Comment protéger vos données sensibles contre les extensions de navigateur malveillantes
Malheureusement, vous ne pouvez pas faire grand-chose pour empêcher ces sites de stocker vos mots de passe, vos cartes de crédit et vos numéros de sécurité sociale en texte brut. L’espoir est qu’à la suite de ces découvertes, les sites Web amélioreront leur sécurité et élimineront les vulnérabilités de leur côté. Mais c’est leur faute, pas vous.
Vous pouvez cependant prendre certaines mesures pour atténuer les dégâts. Tout d’abord, assurez-vous de limiter votre utilisation des extensions de navigateur. Moins vous utilisez d’extensions, moins vous risquez d’en utiliser une malveillante. Utilisez uniquement des extensions en lesquelles vous avez pleinement confiance et vérifiez fréquemment les mises à jour. Si l’extension passe entre les mains d’un nouveau développeur, vérifiez ce nouveau propriétaire avant de continuer à l’utiliser. Vous pouvez même désactiver vos extensions lorsque vous partagez des informations sensibles avec des sites Web. Si vous devez fournir votre numéro de sécurité sociale sur un formulaire Web officiel, par exemple, vous pouvez désactiver vos extensions pour les empêcher de lire les données.

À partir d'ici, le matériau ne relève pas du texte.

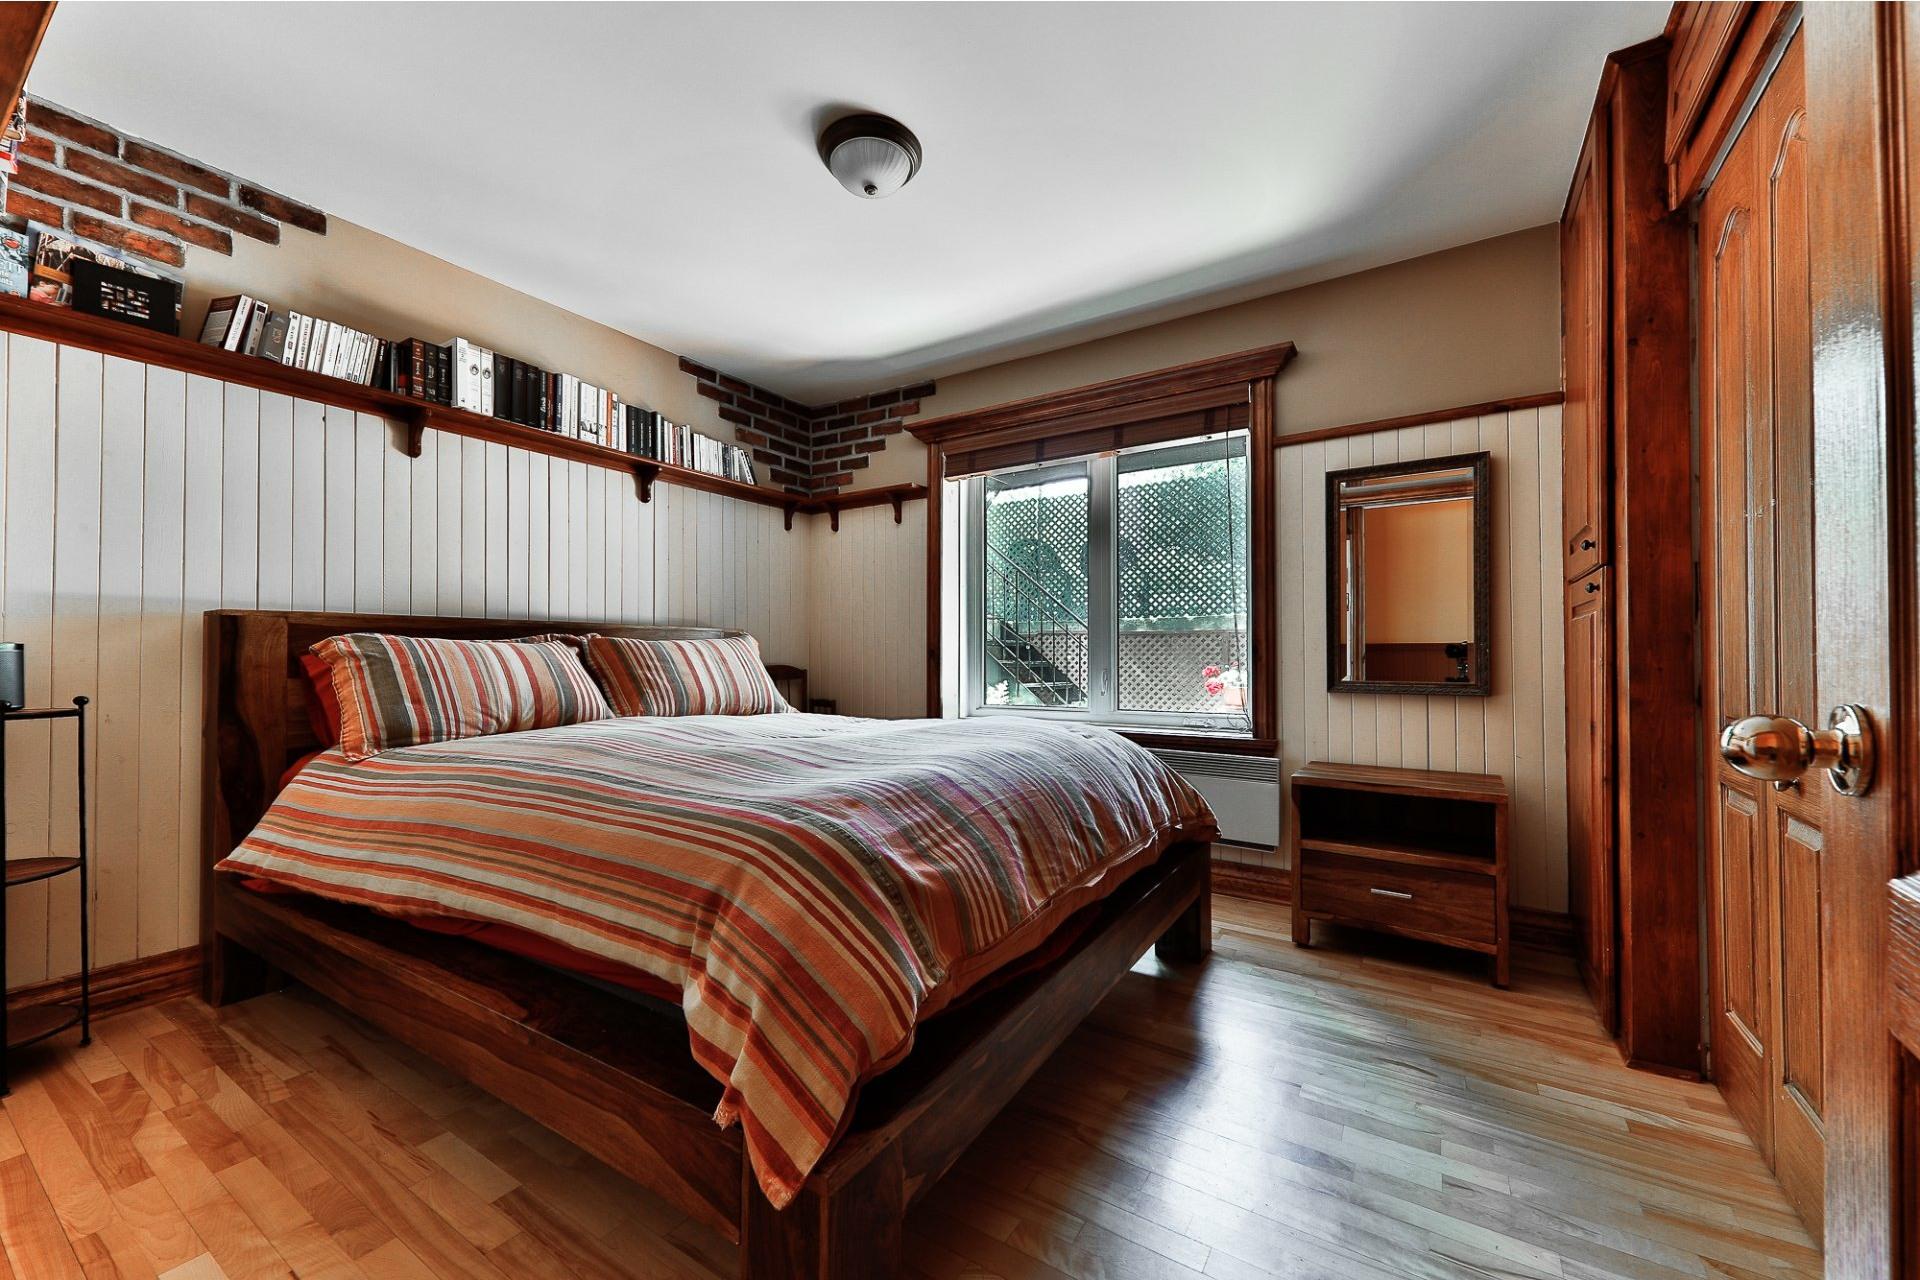 image 10 - Apartment For sale Villeray/Saint-Michel/Parc-Extension Montréal  - 6 rooms
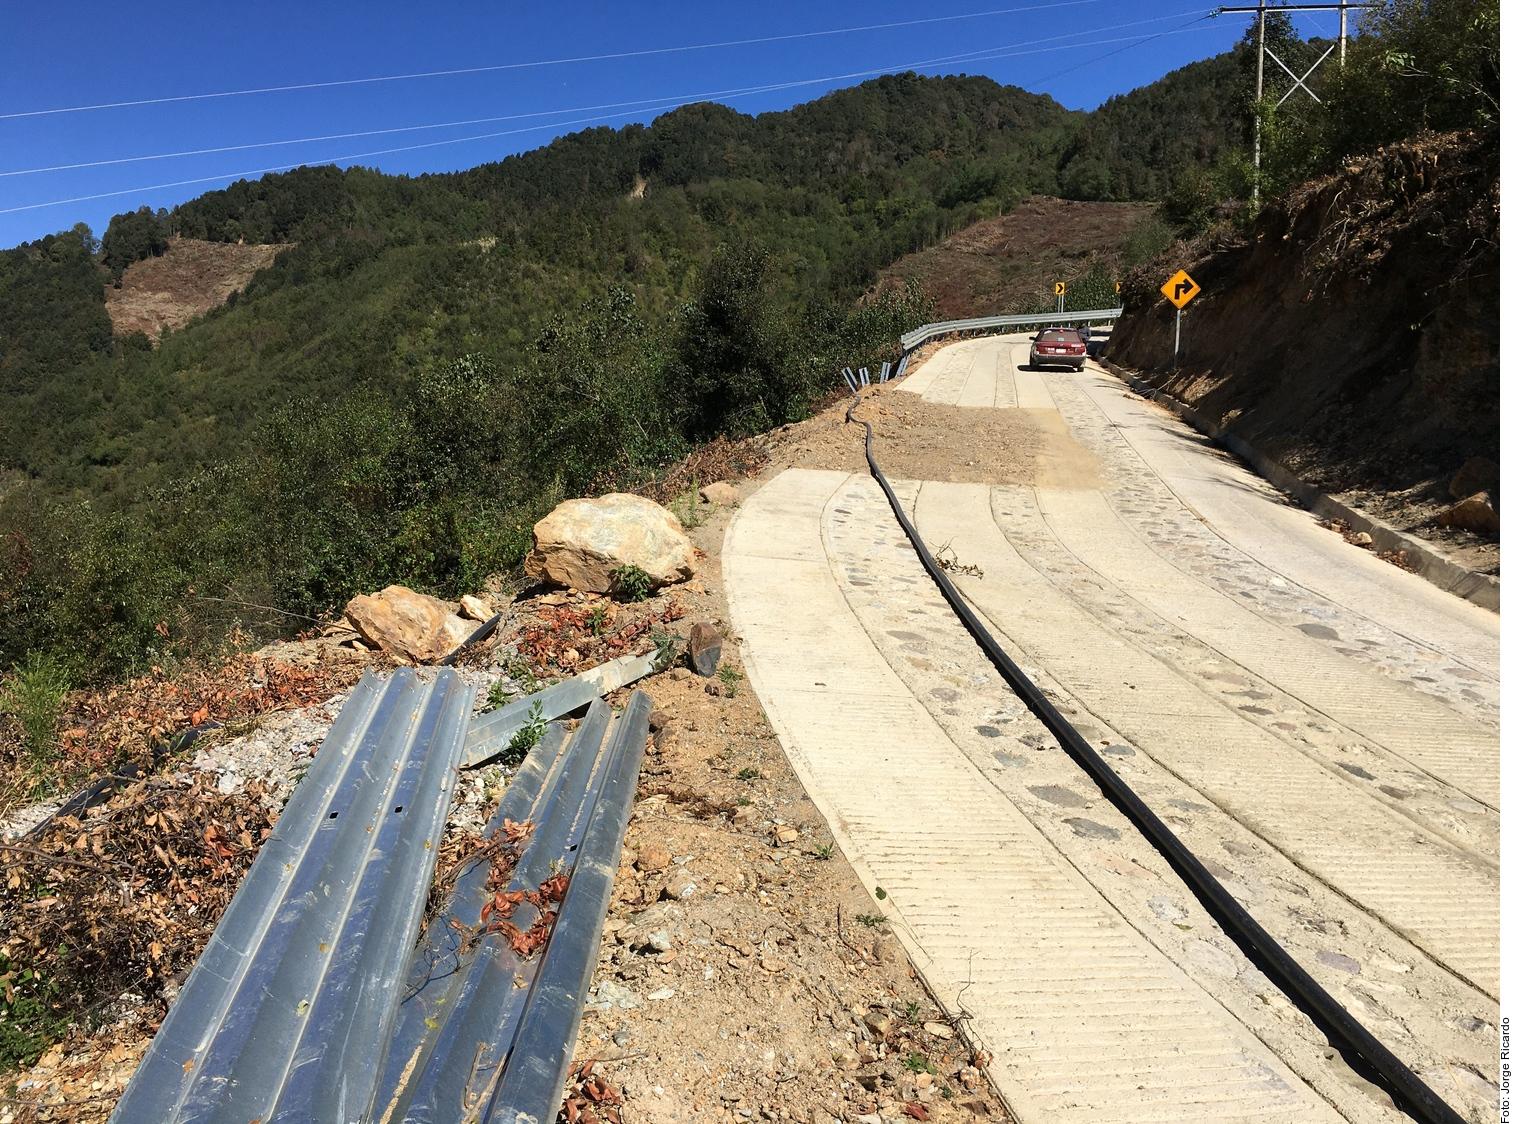 Caminos chuecos de la 4T tendrán que ser arreglados por los pueblos | El Imparcial de Oaxaca

Vous pouvez également limiter les données que vous partagez qui pourraient être stockées en texte brut. Si vous en avez la possibilité, utilisez des clés d’accès au lieu de mots de passe, car les clés d’accès n’utilisent en réalité aucune donnée en texte brut que les pirates pourraient voler. De même, utilisez des systèmes de paiement sécurisés, tels qu’Apple Pay ou Google Pay, qui ne partagent pas les informations de votre carte de crédit avec le site Web sur lequel vous effectuez un paiement. Le but du jeu est d’éviter de saisir vos informations sensibles sauf si cela est absolument nécessaire, puis de réduire le nombre de parties pouvant voir ces informations.